Board of Directors still does not understand the relationship between strategic alignment, leadership and information security governance effectiveness in United States-based corporations.  While leadership is a well-examined topic in organization literature, its application in information technology governance, has not been studied extensively.  Information may be one of the most critical resources in a business, but unless the fundamental components influencing effective security governance are better understood, companies may be missing the advantages and multiplying the risks of their information assets.  Having a robust information security governance framework is essential for companies with any data management type system in place. With the shift towards protecting information as a valuable asset, there is increased interest in how to implement and oversee effective information governance.
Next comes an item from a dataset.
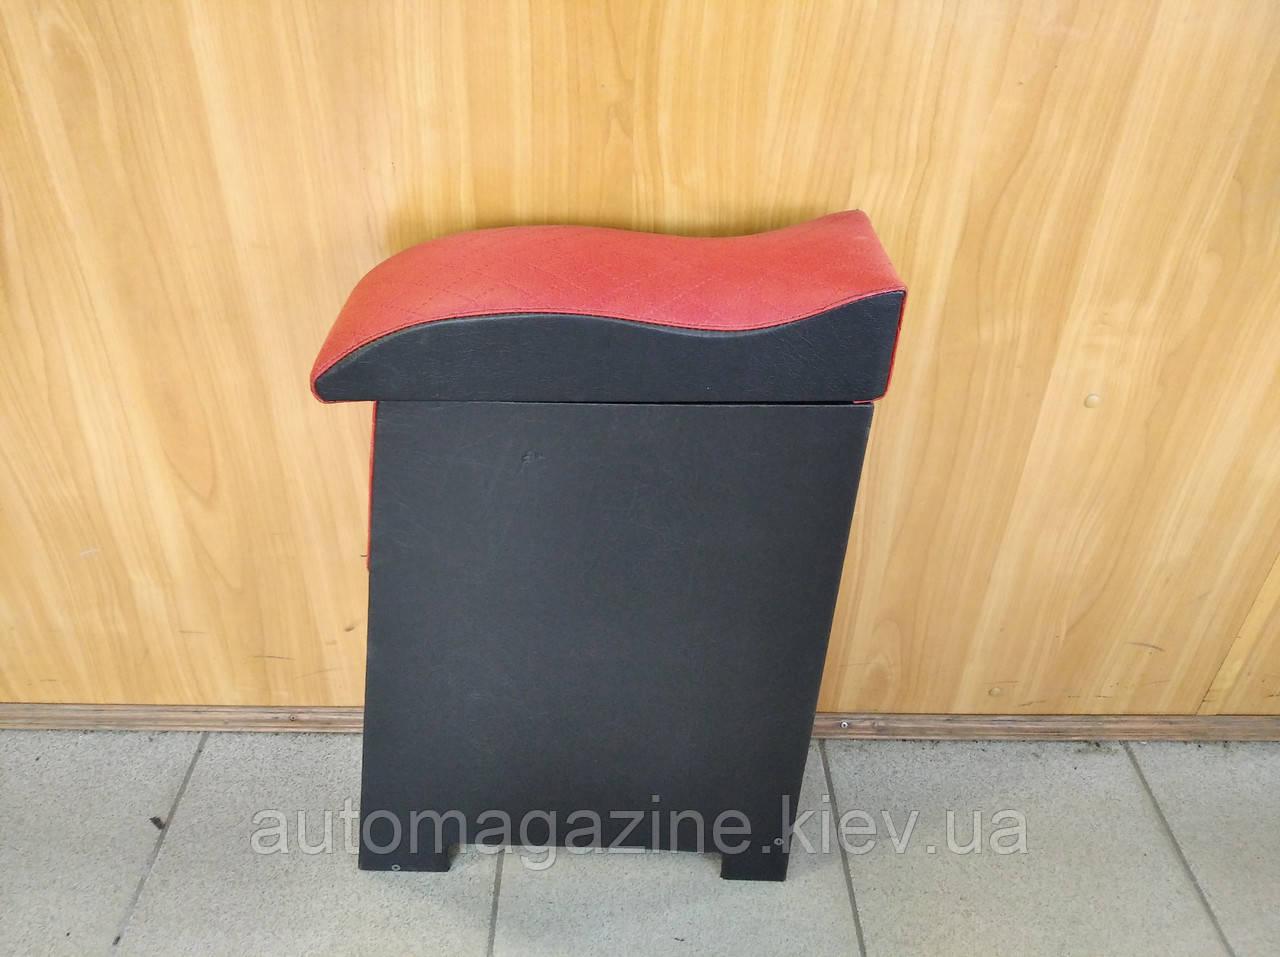 Подлокотник между сиденьями Газель, Соболь (красный)

There many case studies on how data breaches have reached the Board of Directors with shareholder claims against Directors on the rise.  For example, the Target data breach in 2013 affected 70 million customers.  Shareholders alleged that Target’s Board of Directors breached their fiduciary duties by not adequately overseeing the information security program, and not providing customers with prompt and accurate information on the breach.  After investigation for 21 months, the plaintiffs dismissed the case.  However, the entire process raised the eyebrows of the public as it relates to the responsibility of the Board of Directors as it relates to an organizations data privacy.  The data breach was estimated to cost Target $148 million.  The Target data breach is seen as the beginning of increased scrutiny of cybersecurity practice.  As consequences get more serious, the boardroom will be forced to determine the gap between data theory and practice better.
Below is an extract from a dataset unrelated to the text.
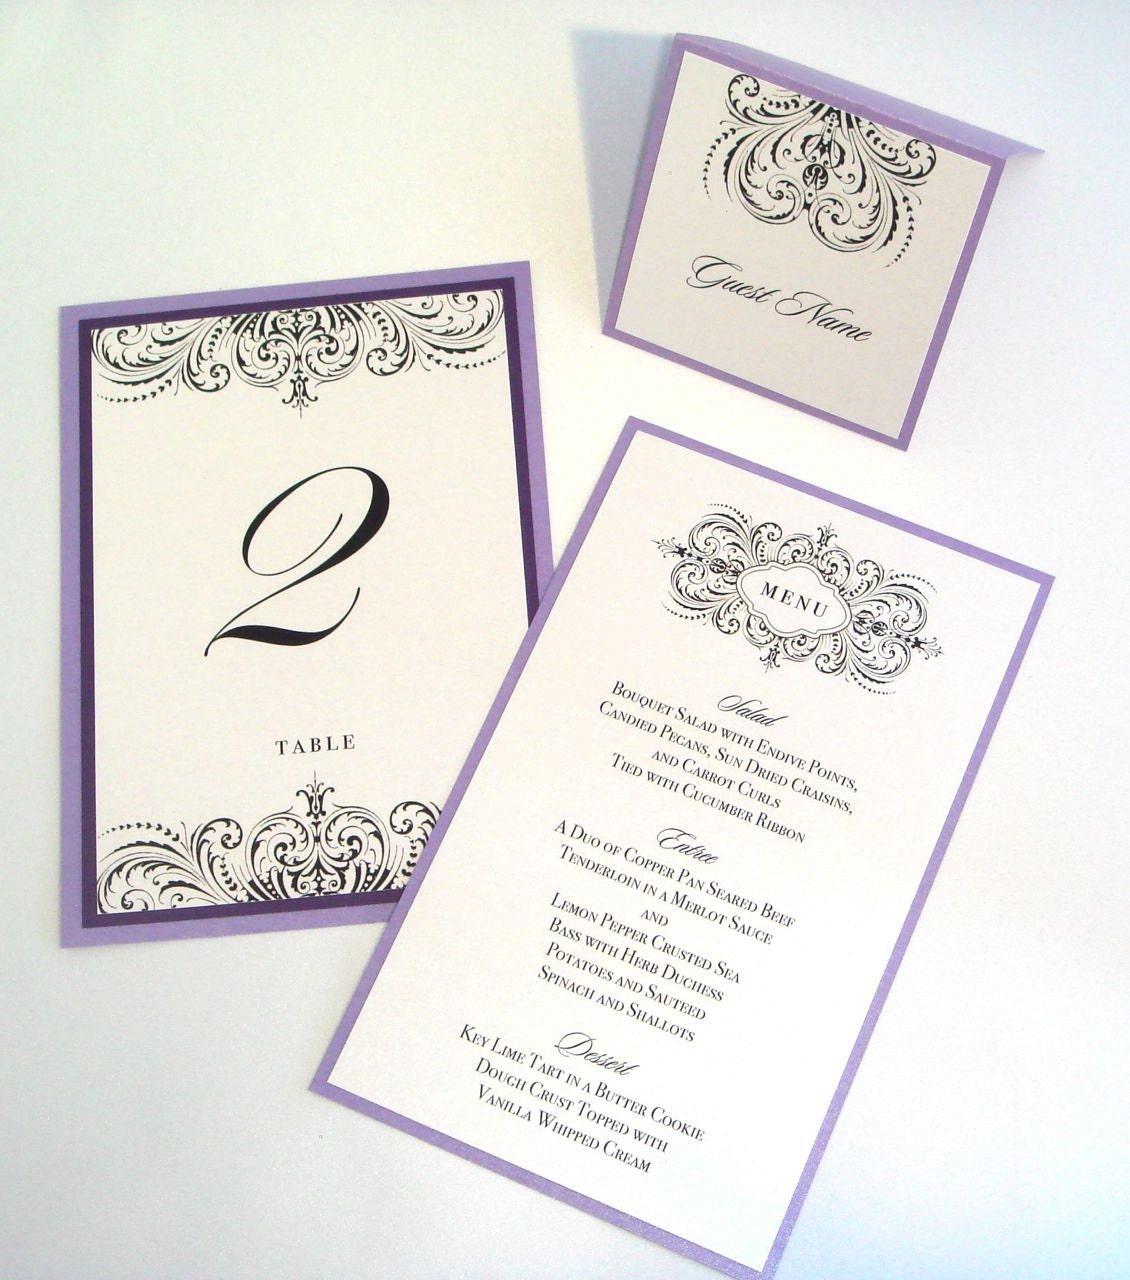 Menu Cards For Wedding Receptions: Thalia Scroll Wedding Reception Items Menu By

In the future, more policy and well-defined roles and responsibilities may contribute to changes in actual practice on how Board members are selected to maximize governance effectiveness.  Having the right people governing in the boardroom can influence critical budgetary discussions and not only support timely risk identification by also alignment with the value that an effective security governance system can delivery.  Boardroom’s would benefit from the realization of their goals that should include having safer and more reliable data, respecting evolving data privacy trends, being able to better access data, enhance ability to share and collaborate on data and reduced costs by having more effective risk management.